出身地:大阪府
現在の年齢:46歳
患者さんの年齢:患者(本人)42歳
病名:浸潤性乳がん
Contents
闘病記
▶︎闘病名、年齢、家族構成や状況
私は、42歳の時に左胸に浸潤性の乳がんが見つかりました。主人と二人だけで子供がおらず、共働きでした。
▶︎病気が判明した経緯と心境 または病気を告げられた時の経緯と心境
入社してから会社の健康診断は毎年受診しており、特段異常はありませんでした。しかし、2015年、41歳の時に受けた健康診断で、乳房のエコー検査で「要再検査」の結果がでました。しかし、今まで異常がなかったことと仕事が忙しかったことから、再検査を受けていませんでした。タレントの北斗晶さんが、乳がんであることを告白されたニュースをテレビで見た時、自身にも要検査の通知が来ていたことを思い出しました。「まさかね」と思いつつ、2016年2月に近くの総合病院で受診しました。「要再検査」の通知から1年も経っていました。
エコーをかけている先生の手がとまり、看護婦さんが慌ただしく動きはじめました。「少し、組織を取って、精密検査に出しますね」との先生の説明に心臓が早くなりました。組織検査とCT検査の結果、「多発性の浸潤性乳がんが見つかりました」と言われました。さらに、左胸のCTは、いたるところが真っ白で、素人が見ても左右の違いが明らかでした。色々と説明を受けたと思うのですが、正直、記憶に残っていません。「あなたの場合は、左乳房を残すより全摘をした方が生存率は高くなります」「できるだけ早く手術しましょう」そのような感じの説明だったかと思います。左胸がなくなることへのショック。生存率と言う聞きなれない単語。主人にどうやって話そうか、仕事はどうしよう。。。色々と頭の中をぐるぐる回りました。家に帰って主人に説明をした時、なぜか涙は出ませんでした。
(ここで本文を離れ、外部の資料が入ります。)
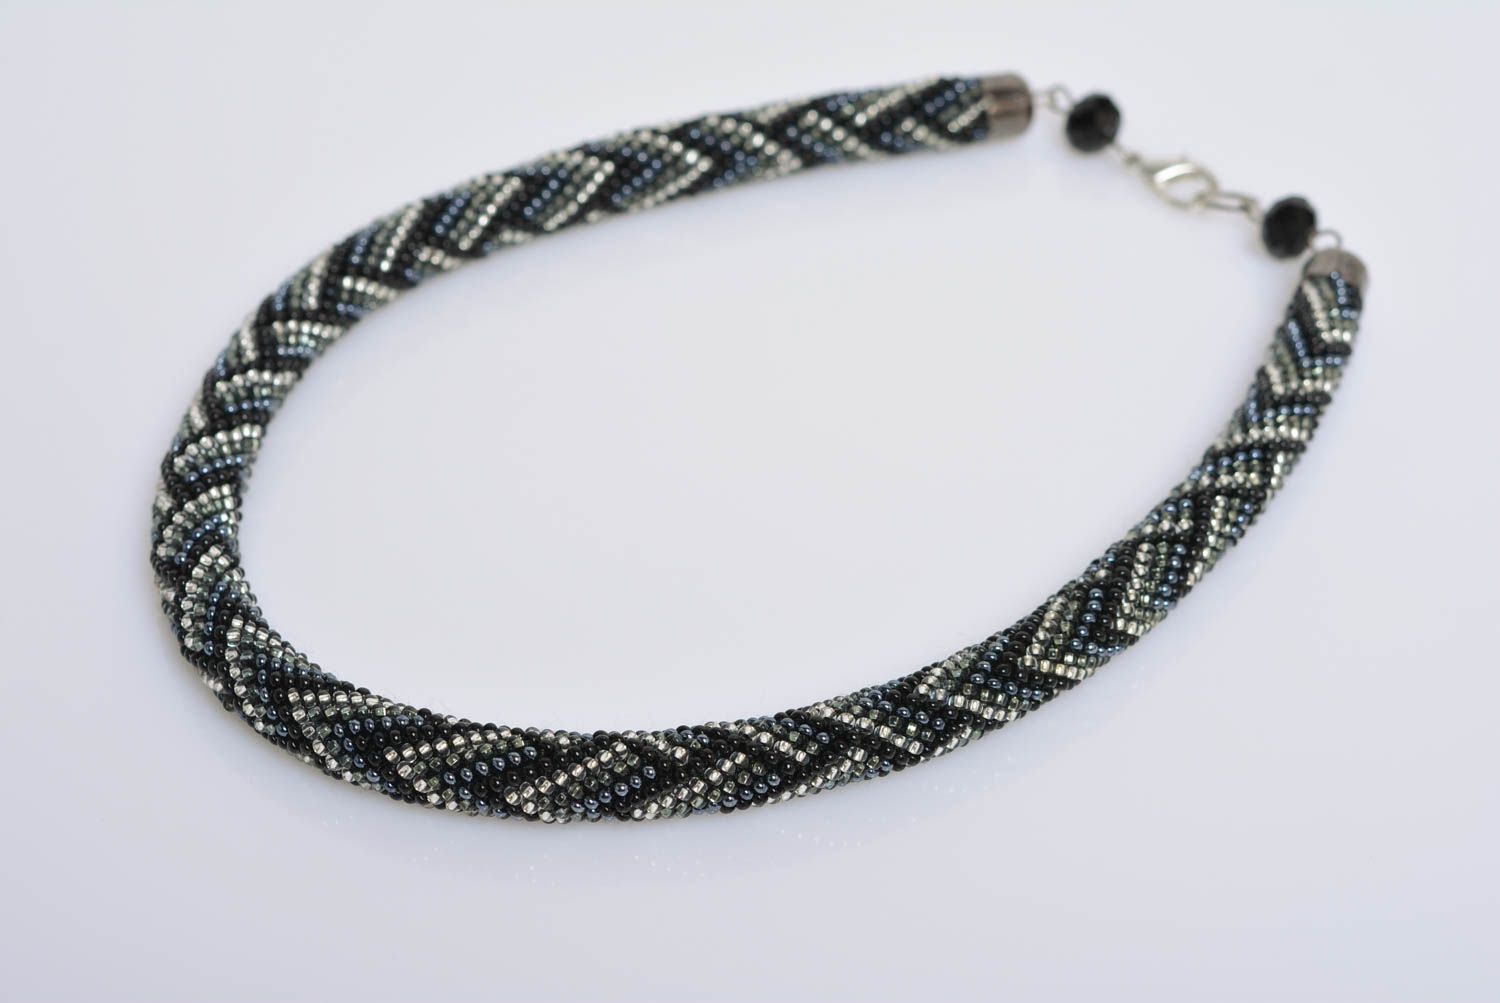 Handmade designer bead woven cord necklace with laconic dark geometric ornament photo 1

あまりにも非日常的な内容に、まだ自分の事だと受け止められていなかったのだと思います。翌日、会社を休みました。上司にお休みの連絡をし、簡単に現在の状況を説明しました。電話を切った後、「自分は来年もここにいるのだろうか」と思った時、急に怖くなって堰を切ったように涙が溢れ、一人で大声を出して泣きました。その時、携帯が鳴りました。上司が心配してもう一度連絡をしてきてくれたのです。泣きながら電話に出たので、異常を感じ取った上司が「大丈夫、大丈夫だから」と、何度も何度も繰り返し言ってくれたことを覚えています。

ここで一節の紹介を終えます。